Portrait of John Calvin. Public domain.

There are few theologians whose legacy combines pervasive influence and searing controversy in the same degree as John Calvin. After all, Calvinism, the theological system of belief which bears the Reformer’s name, has had numerous prominent adherents (full or partial), (1) from Dutch Neo-Calvinists and statesmen such as Abraham Kuyper and Herman Bavinck to the prominent Swiss Reformed theologian who stood against Nazism, Karl Barth. Calvinist theology lives on today in the Presbyterian tradition and various other church bodies, such as some Reformed and Baptist congregations. Calvin, himself a brilliant and highly trained thinker, authoritative and forceful public figure, and meticulous theological writer, is often remembered in the same breath as Martin Luther as one of the central figures of the Protestant Reformation.

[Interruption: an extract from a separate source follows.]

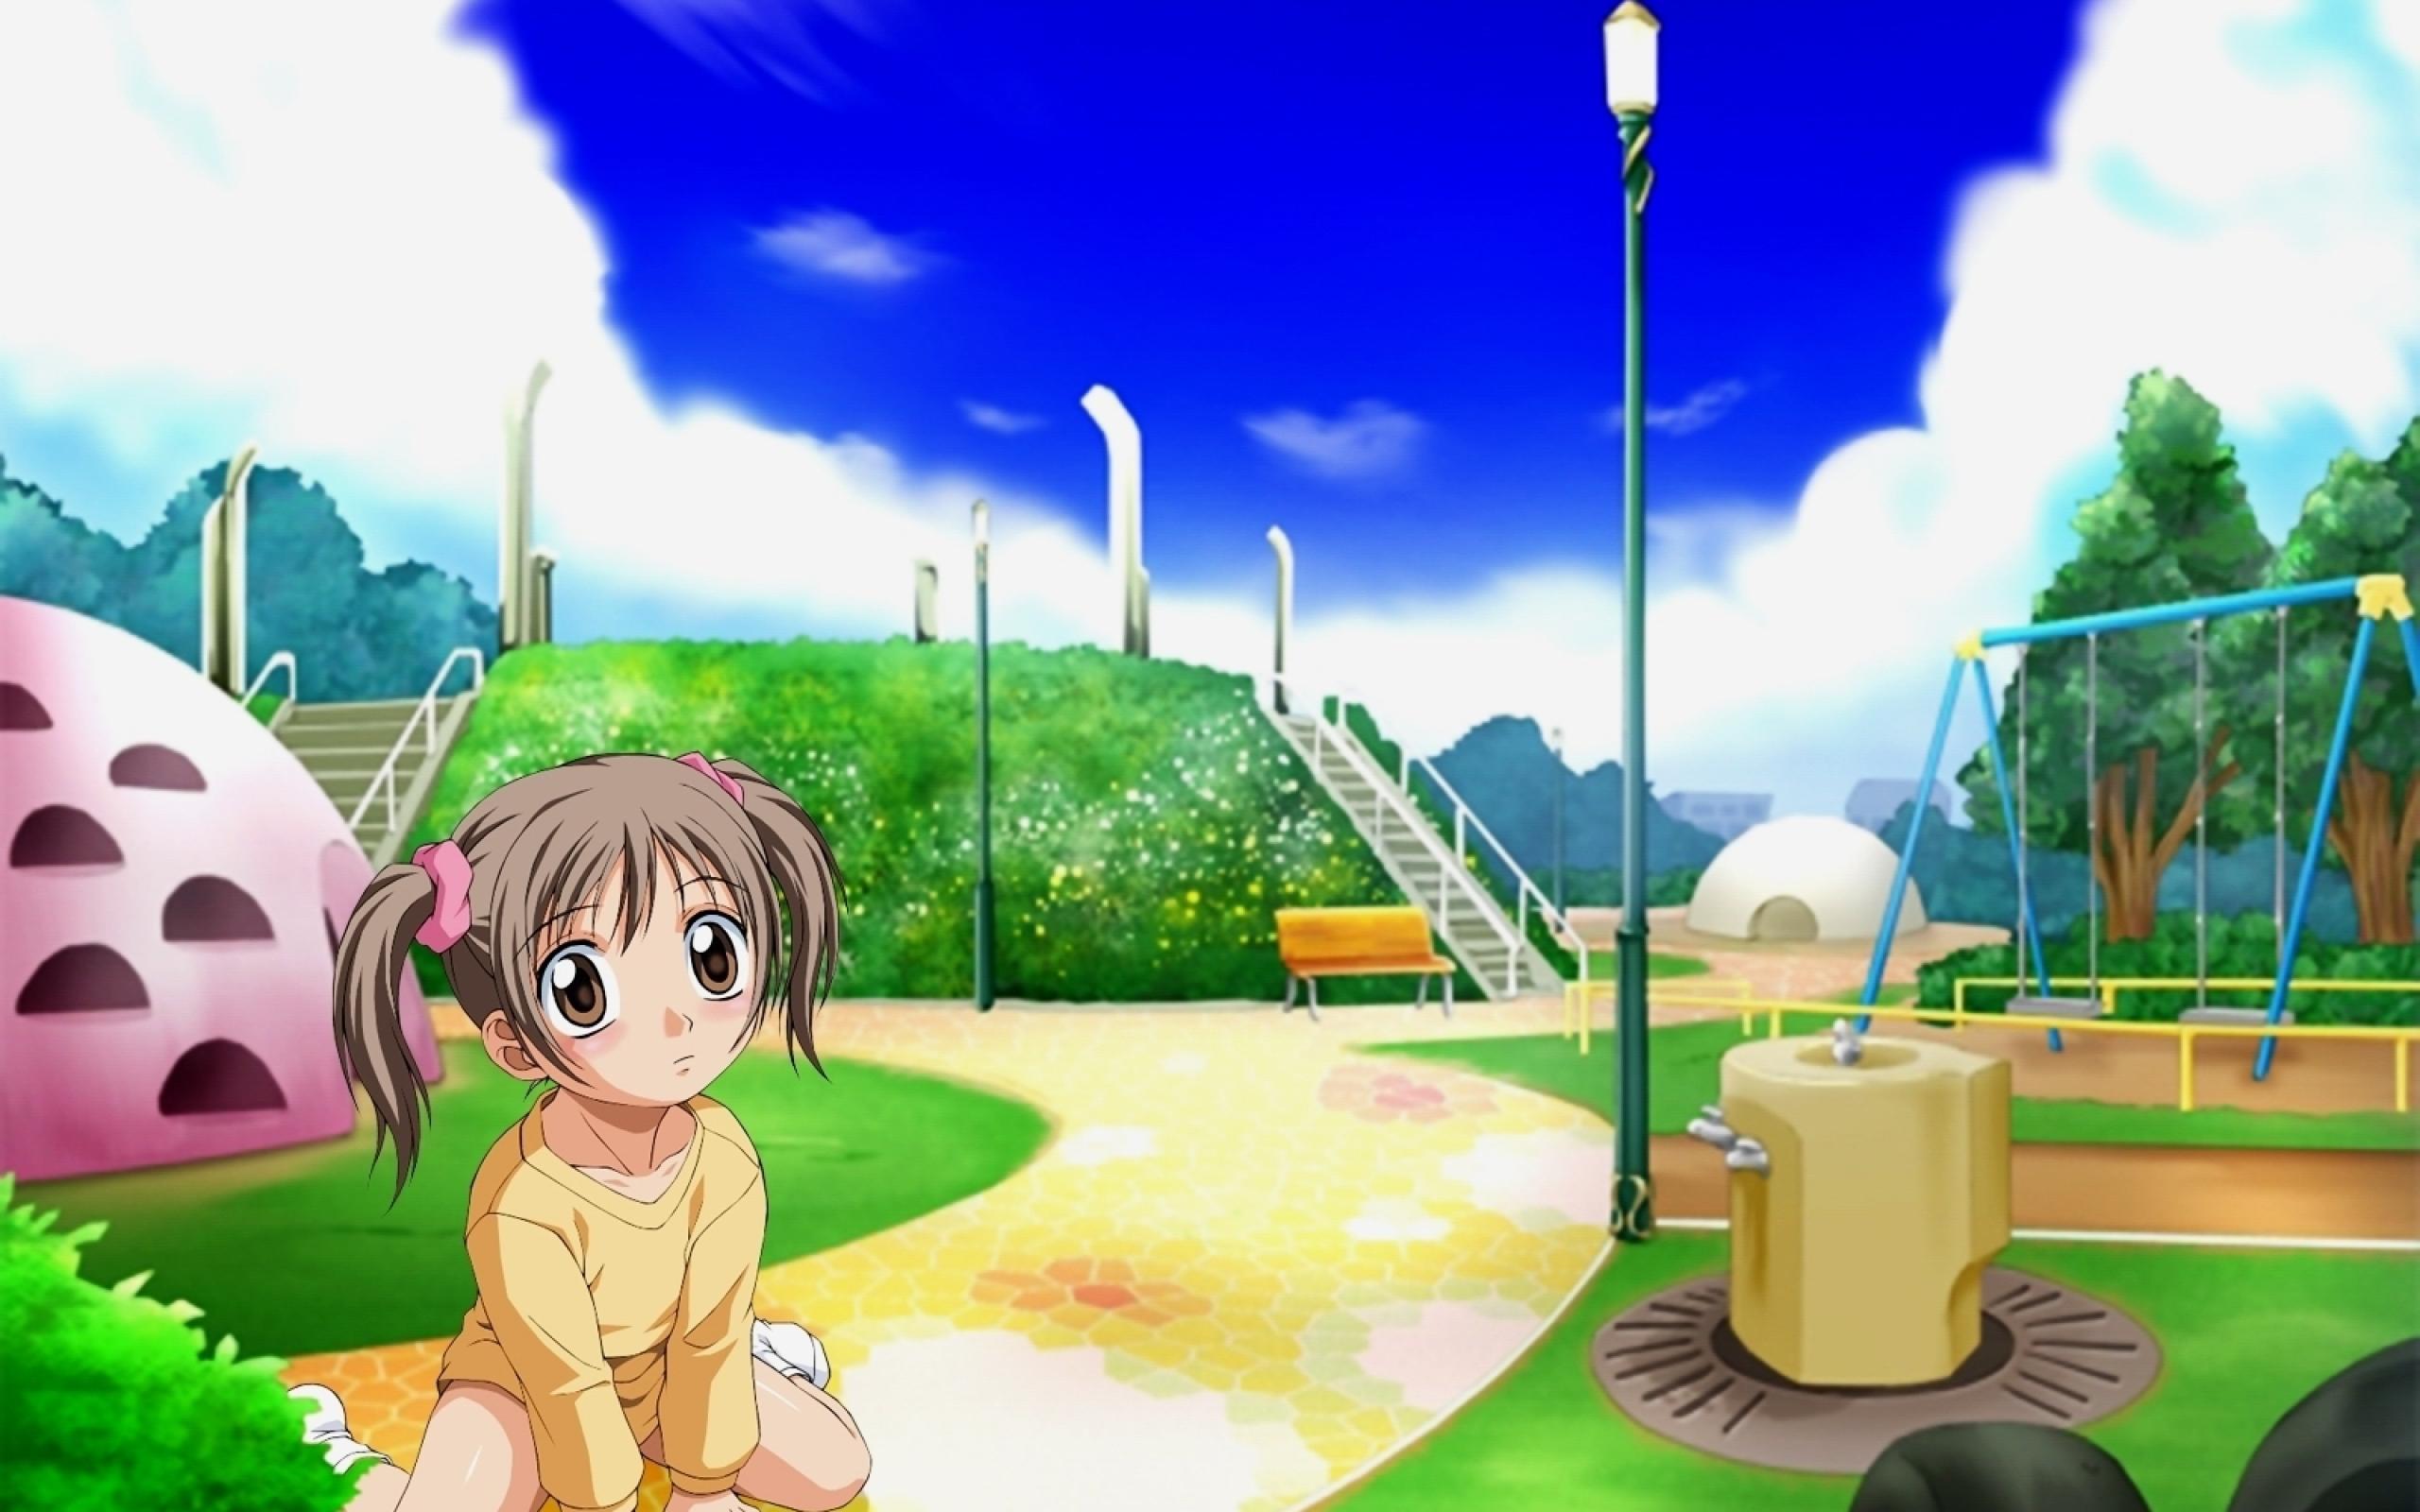 Animax Cartoon Wallpaper 2560x1600 aishiteruze baby, girl, playground 2560x1600

The mention of Calvinism today may also prompt less favorable connotations. A group of largely Southern Baptist Convention pastors and thinkers including John Piper, Wayne Grudem, and John MacArthur have been popularly associated with Calvinism, especially within evangelical circles. These individuals’ espousal of complementarian gender roles, double predestination, and, in Grudem’s case, the questionable Trinitarian doctrine of eternal functional subordination (which argues that God the Son is eternally submissive to the Father, providing a basis for marital submission) (2) lead to erroneous assumptions about the theology of Calvin himself. And, to be sure, Calvin was no less polarizing a figure: he notoriously approved the execution in Geneva of Servetus for heresy, made troubling comments about women, and is popularly characterized as a dour and strident figure who possessed a sort of macabre glee at the concept of human souls’ damnation.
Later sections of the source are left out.